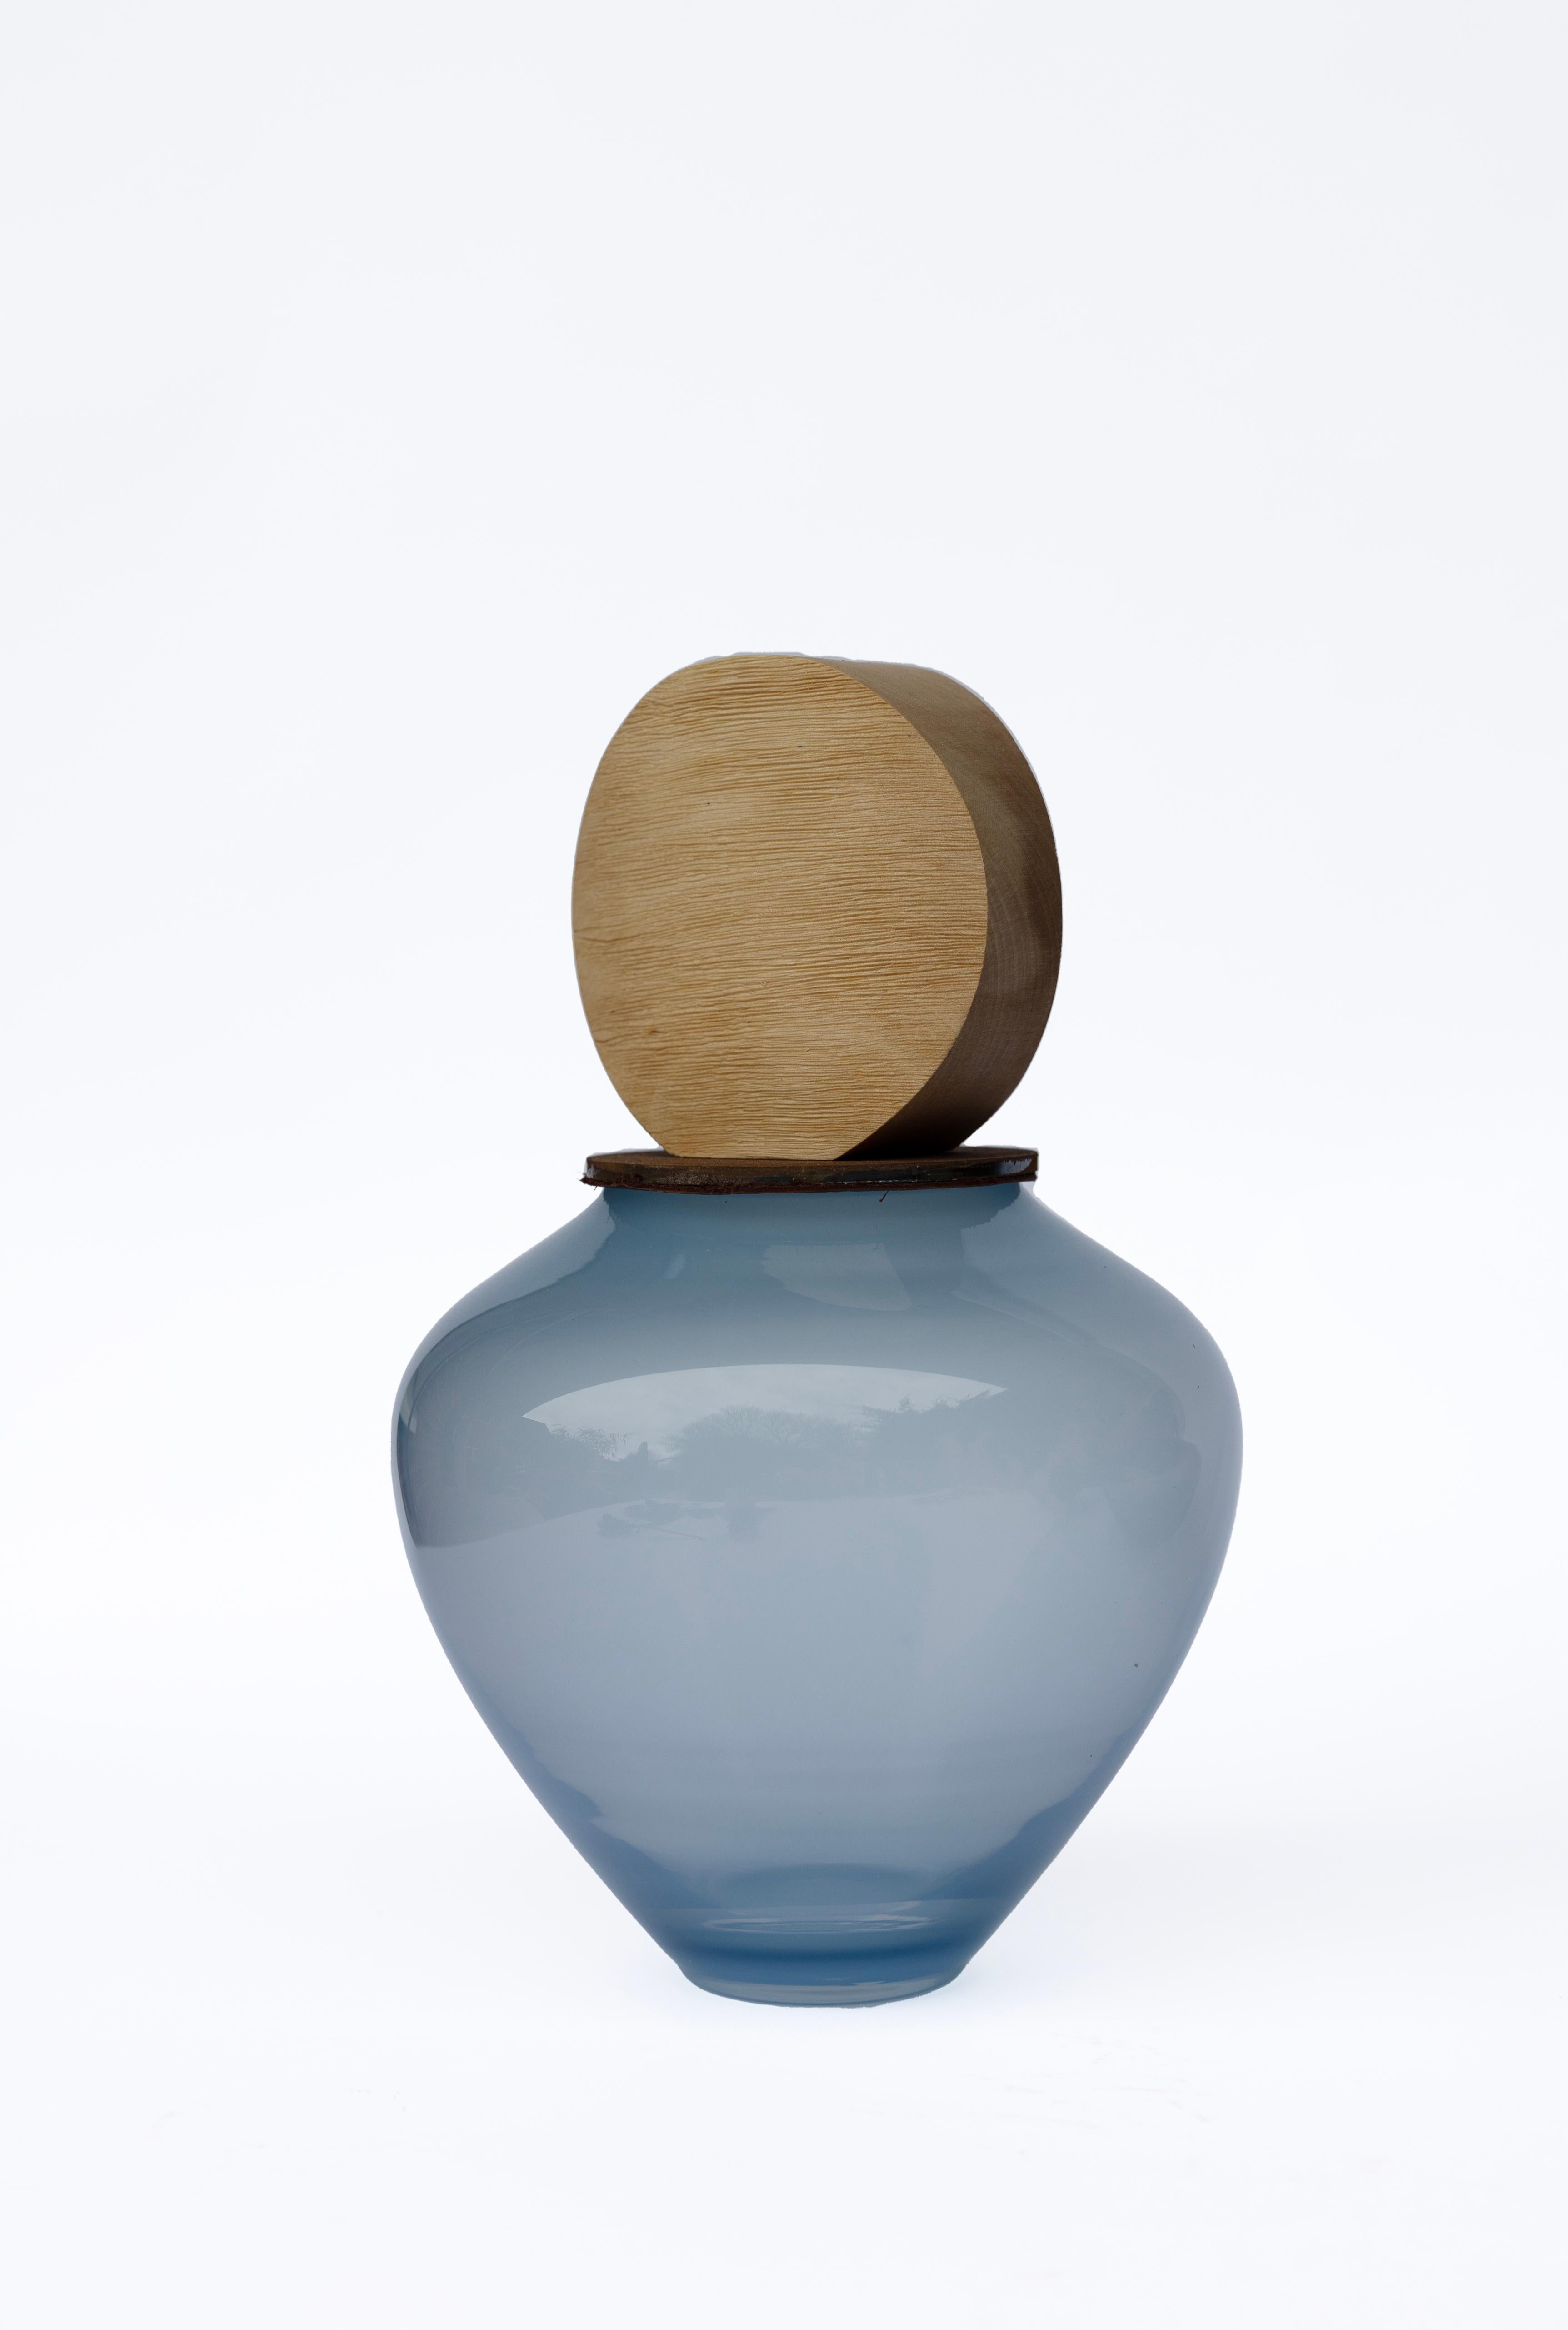 Ohana Stacking Pigeon Blue S & Triangle Vessel by Pia Wüstenberg
Unique Piece. Handmade In Europe.
Dimensions: Ø 19 x H 25 cm.
Materials: Handblown glass, ceramic and wood.

Available in different color options. Dimensions are approximate, due to

__________

Retype word for word the line above with "Unique Piece. Handmade In Europe." and all lines after it, nothing else.

Unique Piece. Handmade In Europe.
Dimensions: Ø 19 x H 25 cm.
Materials: Handblown glass, ceramic and wood.

Available in different color options. Dimensions are approximate, due to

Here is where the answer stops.